This can be explained with the following analogy. Suppose you are doing an experiment where you measure the time period of a pendulum using a stop watch. Assume the watch has a resolution of 1s, implying that your individual measurements cannot be more accurate than 1s. So, for instance, if you measure a time interval of 9s then, you will be sure that the real time period lies between 8s and 10s i.e., \$9 \pm 1s\$. To ensure that your measurement are correct, you repeat the experiment multiple times.
Suppose you make 10 measurements as follows: 9s, 7s, 11s, 8s, 10s, 9s, 11s, 12s, 9s, 11s. You would expect that the true value of the time period will be given by the mean of these measurements, which is 9.7s. But should we round this number to 10s since the accuracy of our instrument is only 1s and fraction of a second cannot be measured? It turns out actually that the uncertainty in the mean goes down as \$\frac{1}{\sqrt{N}}\$
with the number of measurements. So, after averaging 10 measurements your uncertainty goes down to \$\frac{1}{\sqrt{10}}.1s = 0.3s\$. Thus, your measurement result should indeed be: \$9.7 \pm 0.3s\$, implying better accuracy (or resolution) compared to the individual measurements.

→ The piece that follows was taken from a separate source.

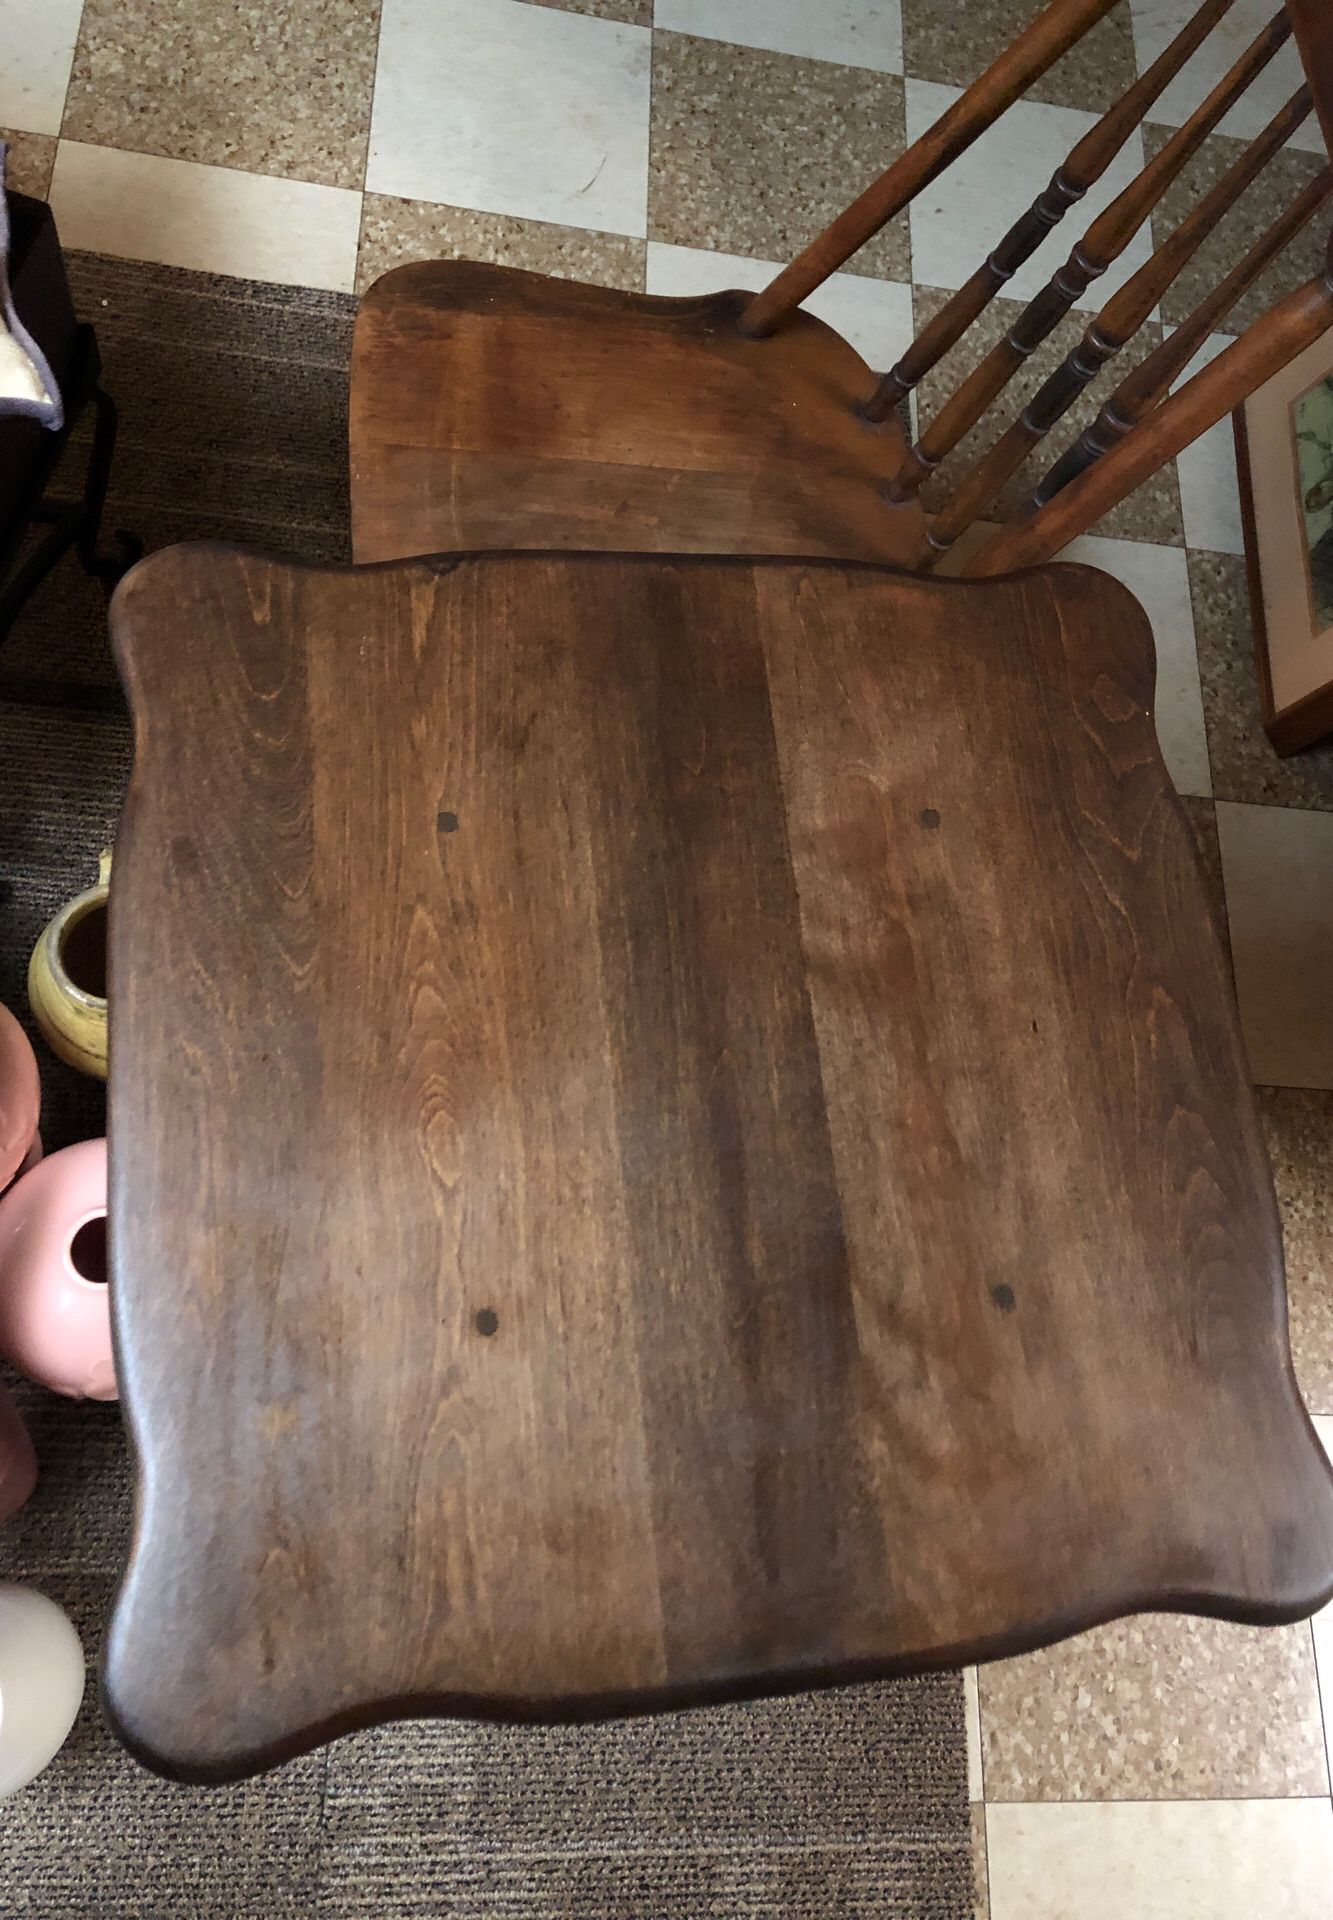 Antique table and chair,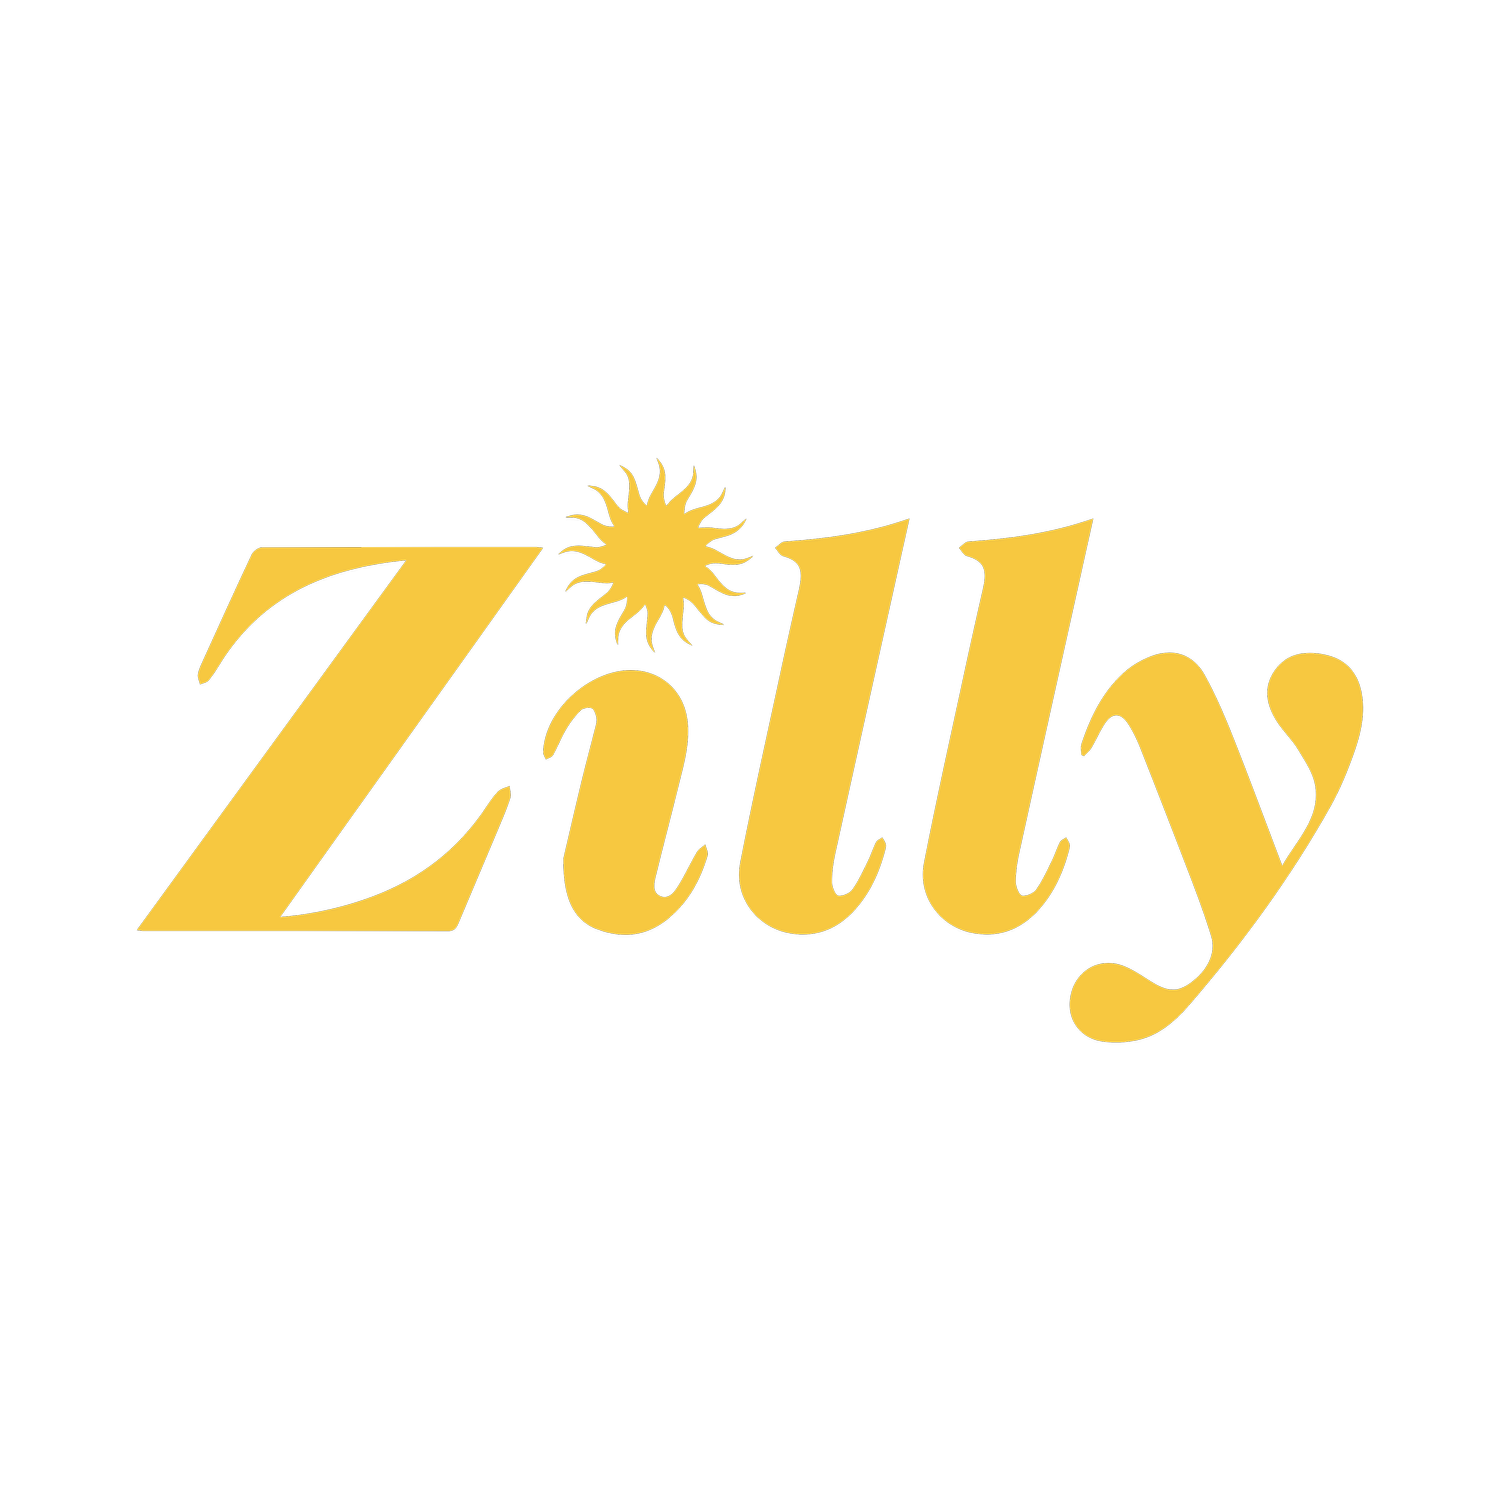 ZILLY

Same principle holds for oversampling. When you oversample a signal, you sample it at a very fast rate, much higher than the rate at which the signal is changing. Since the signal is not changing much in the consecutive samples, oversampling is identical to taking multiple measurements of the signal at a particular time. Thus an oversampling ratio (OSR) of 4 implies making 4 measurements for the signal value. The following low pass filtering stage is nothing but an averaging stage, which takes the average of all the extra samples from the previous stage, thus average of 4 samples in case OSR is 4. As explained above, for OSR of 4 the uncertainty (given by the input noise standard deviation or square root of the noise power input to the ADC) will go down by \$\frac{1}{\sqrt{4}} = 0.5\$. Thus, your SNR increases 4 times and you gain an additional bit of accuracy.